Directions for this task:
Beneath this line is the data. Output exactly the lines from the line with "Estado angolano assume" to the line with "Пояса, кушаки, ремни, браслеты", both ends included, and nothing more.

Data records:
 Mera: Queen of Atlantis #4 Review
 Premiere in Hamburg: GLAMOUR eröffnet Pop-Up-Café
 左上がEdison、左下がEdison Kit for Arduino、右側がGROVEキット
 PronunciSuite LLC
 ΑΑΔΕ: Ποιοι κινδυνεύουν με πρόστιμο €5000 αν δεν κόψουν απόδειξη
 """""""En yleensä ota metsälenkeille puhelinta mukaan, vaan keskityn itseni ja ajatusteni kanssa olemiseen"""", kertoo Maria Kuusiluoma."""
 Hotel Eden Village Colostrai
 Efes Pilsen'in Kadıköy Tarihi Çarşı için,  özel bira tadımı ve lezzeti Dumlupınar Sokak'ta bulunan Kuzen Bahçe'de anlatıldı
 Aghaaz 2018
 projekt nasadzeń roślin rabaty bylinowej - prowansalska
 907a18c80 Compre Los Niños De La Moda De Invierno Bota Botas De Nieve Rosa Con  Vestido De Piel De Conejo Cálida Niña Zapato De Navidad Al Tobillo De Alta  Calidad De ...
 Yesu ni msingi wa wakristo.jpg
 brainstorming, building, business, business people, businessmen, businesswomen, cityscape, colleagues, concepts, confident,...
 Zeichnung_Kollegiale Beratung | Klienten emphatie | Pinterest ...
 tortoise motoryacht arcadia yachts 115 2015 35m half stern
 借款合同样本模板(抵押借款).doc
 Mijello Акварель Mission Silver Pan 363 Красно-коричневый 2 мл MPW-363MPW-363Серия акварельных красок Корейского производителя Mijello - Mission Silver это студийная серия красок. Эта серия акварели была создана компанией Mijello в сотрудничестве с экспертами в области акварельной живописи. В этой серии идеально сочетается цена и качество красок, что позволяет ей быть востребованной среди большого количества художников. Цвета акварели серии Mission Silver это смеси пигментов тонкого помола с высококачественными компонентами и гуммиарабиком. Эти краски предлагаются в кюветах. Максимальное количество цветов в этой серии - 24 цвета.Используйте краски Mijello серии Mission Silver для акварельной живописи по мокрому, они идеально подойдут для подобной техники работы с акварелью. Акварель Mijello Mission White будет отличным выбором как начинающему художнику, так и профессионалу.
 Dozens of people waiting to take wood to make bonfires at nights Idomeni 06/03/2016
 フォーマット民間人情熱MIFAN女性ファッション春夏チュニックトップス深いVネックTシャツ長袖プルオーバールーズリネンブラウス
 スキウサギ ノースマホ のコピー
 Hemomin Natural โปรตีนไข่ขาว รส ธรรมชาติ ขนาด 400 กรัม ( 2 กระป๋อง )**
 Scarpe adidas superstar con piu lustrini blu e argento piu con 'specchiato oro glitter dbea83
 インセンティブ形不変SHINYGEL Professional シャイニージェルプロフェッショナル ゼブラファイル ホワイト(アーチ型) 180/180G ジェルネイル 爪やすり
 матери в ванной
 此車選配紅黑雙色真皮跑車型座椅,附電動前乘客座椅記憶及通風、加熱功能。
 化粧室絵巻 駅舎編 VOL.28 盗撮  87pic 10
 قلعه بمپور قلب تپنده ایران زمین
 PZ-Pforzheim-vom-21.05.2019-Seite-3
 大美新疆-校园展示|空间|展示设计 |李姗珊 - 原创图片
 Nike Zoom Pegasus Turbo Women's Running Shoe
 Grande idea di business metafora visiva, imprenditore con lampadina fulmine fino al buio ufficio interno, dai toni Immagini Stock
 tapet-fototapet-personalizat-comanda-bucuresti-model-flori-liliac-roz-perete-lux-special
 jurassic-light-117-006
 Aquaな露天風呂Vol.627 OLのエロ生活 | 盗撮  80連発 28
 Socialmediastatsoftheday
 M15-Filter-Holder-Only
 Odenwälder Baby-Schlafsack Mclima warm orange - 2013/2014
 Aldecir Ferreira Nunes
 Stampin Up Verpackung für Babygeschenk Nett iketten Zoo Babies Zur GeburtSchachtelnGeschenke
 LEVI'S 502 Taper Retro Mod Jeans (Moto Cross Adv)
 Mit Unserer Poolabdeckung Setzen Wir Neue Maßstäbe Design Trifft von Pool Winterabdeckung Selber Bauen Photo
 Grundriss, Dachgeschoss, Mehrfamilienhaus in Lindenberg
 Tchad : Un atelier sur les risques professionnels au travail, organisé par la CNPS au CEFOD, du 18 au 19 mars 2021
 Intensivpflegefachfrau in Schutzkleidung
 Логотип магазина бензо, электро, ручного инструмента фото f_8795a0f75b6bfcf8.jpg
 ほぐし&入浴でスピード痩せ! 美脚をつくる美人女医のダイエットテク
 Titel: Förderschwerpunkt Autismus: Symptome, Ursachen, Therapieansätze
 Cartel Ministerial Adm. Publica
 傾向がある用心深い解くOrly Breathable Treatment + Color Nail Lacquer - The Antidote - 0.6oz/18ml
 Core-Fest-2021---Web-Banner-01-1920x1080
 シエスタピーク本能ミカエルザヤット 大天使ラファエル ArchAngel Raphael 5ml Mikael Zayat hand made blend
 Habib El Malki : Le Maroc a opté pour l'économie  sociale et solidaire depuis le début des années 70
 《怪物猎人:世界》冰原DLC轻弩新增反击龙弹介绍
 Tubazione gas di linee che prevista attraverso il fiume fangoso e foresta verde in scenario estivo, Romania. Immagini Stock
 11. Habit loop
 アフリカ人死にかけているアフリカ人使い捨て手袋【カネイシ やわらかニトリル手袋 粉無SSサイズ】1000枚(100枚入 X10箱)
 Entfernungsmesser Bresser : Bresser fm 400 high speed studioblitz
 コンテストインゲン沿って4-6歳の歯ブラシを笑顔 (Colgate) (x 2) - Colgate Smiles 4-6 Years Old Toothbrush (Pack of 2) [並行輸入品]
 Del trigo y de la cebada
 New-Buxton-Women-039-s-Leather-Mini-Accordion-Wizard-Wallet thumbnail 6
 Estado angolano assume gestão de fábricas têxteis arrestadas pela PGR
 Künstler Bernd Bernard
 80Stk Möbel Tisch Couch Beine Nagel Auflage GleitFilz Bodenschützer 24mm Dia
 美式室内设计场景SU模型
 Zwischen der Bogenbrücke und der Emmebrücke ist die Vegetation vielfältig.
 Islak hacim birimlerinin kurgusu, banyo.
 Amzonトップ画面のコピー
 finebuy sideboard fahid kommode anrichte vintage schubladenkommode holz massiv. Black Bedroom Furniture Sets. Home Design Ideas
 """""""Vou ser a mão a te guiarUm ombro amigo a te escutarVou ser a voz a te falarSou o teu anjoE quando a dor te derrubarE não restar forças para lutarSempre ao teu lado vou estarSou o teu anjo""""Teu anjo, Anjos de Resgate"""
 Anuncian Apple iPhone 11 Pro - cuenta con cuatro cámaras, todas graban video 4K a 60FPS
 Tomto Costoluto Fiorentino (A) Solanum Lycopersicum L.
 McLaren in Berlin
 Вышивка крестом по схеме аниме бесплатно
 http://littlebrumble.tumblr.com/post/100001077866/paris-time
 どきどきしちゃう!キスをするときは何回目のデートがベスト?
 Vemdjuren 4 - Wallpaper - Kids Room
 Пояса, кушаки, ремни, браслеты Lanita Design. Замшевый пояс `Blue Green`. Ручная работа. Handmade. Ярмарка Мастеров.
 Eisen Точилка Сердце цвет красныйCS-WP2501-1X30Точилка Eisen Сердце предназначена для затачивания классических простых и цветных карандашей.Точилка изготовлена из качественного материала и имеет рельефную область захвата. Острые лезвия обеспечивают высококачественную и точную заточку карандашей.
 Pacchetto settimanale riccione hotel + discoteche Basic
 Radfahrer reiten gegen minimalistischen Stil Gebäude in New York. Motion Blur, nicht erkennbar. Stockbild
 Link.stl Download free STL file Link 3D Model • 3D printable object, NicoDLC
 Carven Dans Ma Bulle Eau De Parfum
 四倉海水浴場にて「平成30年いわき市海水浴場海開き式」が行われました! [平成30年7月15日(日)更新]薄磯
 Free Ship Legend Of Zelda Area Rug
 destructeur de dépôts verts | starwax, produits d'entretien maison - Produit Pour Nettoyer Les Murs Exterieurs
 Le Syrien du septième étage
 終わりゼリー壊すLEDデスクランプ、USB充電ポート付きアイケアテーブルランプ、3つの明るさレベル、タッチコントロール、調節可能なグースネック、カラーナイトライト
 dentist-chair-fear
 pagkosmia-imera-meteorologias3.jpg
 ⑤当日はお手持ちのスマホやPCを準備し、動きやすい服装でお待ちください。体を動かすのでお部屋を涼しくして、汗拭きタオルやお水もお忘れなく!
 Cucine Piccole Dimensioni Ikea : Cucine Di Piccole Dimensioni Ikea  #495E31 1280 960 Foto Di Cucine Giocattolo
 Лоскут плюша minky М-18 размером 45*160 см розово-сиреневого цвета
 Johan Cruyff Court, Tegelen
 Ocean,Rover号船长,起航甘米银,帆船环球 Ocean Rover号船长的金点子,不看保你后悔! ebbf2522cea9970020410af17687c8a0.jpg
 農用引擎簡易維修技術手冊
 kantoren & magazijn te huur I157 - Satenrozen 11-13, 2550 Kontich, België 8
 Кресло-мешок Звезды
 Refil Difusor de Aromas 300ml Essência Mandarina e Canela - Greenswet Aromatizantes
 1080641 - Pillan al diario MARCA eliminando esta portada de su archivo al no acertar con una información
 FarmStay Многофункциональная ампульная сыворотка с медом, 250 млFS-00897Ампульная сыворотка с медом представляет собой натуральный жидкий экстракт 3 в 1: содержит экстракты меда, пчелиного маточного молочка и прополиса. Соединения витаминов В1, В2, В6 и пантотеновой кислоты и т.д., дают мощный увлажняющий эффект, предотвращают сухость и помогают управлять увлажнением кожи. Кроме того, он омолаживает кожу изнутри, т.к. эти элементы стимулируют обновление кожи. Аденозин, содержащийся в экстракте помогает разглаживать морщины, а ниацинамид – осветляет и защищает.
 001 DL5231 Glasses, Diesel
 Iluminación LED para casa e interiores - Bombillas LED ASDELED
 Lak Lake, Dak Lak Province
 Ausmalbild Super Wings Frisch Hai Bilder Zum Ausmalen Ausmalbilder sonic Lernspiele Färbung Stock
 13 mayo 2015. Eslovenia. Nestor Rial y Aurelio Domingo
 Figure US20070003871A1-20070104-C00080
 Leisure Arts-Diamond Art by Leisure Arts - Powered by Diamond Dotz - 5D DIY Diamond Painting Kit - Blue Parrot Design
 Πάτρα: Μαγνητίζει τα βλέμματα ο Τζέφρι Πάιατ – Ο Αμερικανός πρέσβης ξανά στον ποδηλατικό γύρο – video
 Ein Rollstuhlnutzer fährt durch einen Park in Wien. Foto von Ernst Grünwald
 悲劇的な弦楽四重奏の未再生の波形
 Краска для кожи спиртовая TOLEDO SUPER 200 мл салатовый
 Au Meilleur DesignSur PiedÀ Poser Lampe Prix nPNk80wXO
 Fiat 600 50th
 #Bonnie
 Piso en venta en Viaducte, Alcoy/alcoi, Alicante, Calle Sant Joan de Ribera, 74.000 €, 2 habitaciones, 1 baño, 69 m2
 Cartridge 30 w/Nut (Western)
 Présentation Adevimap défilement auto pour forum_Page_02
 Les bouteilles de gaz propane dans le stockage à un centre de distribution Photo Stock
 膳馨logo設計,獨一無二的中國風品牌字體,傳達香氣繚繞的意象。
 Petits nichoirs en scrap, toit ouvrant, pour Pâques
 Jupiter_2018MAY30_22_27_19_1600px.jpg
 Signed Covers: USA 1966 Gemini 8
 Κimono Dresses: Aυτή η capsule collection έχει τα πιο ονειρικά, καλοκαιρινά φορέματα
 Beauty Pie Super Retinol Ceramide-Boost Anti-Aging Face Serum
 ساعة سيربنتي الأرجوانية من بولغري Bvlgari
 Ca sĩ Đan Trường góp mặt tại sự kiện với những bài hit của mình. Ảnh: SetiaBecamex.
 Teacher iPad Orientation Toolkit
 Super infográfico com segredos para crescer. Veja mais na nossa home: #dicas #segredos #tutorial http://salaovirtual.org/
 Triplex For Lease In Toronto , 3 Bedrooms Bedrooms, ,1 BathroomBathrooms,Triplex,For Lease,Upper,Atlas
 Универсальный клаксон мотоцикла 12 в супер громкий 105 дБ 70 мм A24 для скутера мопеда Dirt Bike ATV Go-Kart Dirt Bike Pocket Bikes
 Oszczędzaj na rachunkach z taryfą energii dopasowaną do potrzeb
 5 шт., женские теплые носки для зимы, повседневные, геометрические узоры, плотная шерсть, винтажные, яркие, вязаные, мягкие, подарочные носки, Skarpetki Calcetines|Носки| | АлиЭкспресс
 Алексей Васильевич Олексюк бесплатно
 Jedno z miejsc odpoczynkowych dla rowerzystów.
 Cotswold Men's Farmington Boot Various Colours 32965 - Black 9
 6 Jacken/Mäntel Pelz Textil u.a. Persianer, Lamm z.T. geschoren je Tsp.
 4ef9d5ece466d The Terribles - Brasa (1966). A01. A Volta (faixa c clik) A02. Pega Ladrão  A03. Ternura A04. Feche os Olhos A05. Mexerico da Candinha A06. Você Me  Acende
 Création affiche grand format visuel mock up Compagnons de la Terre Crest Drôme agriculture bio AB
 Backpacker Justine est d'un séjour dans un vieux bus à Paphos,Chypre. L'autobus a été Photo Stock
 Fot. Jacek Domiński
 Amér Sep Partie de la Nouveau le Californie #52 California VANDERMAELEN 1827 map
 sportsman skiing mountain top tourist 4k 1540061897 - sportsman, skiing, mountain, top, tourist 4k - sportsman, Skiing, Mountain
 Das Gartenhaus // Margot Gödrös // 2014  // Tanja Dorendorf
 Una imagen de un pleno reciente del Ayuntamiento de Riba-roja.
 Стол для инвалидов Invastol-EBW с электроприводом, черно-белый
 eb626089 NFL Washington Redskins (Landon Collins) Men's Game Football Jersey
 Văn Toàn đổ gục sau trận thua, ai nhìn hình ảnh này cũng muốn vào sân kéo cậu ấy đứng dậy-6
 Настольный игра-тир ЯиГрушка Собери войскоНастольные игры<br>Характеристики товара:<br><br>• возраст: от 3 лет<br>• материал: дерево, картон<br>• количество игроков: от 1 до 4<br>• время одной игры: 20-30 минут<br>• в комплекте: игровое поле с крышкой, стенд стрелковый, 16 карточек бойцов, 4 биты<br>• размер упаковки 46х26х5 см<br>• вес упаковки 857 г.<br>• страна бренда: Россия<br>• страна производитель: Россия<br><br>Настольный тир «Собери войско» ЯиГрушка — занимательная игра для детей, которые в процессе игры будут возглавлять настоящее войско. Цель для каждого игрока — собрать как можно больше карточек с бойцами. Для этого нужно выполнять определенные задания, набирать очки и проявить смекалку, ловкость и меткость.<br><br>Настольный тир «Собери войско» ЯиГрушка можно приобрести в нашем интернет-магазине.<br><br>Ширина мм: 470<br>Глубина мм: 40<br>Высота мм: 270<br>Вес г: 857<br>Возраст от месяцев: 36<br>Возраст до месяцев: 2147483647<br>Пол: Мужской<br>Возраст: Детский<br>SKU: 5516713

Result below:
 Estado angolano assume gestão de fábricas têxteis arrestadas pela PGR
 Künstler Bernd Bernard
 80Stk Möbel Tisch Couch Beine Nagel Auflage GleitFilz Bodenschützer 24mm Dia
 美式室内设计场景SU模型
 Zwischen der Bogenbrücke und der Emmebrücke ist die Vegetation vielfältig.
 Islak hacim birimlerinin kurgusu, banyo.
 Amzonトップ画面のコピー
 finebuy sideboard fahid kommode anrichte vintage schubladenkommode holz massiv. Black Bedroom Furniture Sets. Home Design Ideas
 """""""Vou ser a mão a te guiarUm ombro amigo a te escutarVou ser a voz a te falarSou o teu anjoE quando a dor te derrubarE não restar forças para lutarSempre ao teu lado vou estarSou o teu anjo""""Teu anjo, Anjos de Resgate"""
 Anuncian Apple iPhone 11 Pro - cuenta con cuatro cámaras, todas graban video 4K a 60FPS
 Tomto Costoluto Fiorentino (A) Solanum Lycopersicum L.
 McLaren in Berlin
 Вышивка крестом по схеме аниме бесплатно
 http://littlebrumble.tumblr.com/post/100001077866/paris-time
 どきどきしちゃう!キスをするときは何回目のデートがベスト?
 Vemdjuren 4 - Wallpaper - Kids Room
 Пояса, кушаки, ремни, браслеты Lanita Design. Замшевый пояс `Blue Green`. Ручная работа. Handmade. Ярмарка Мастеров.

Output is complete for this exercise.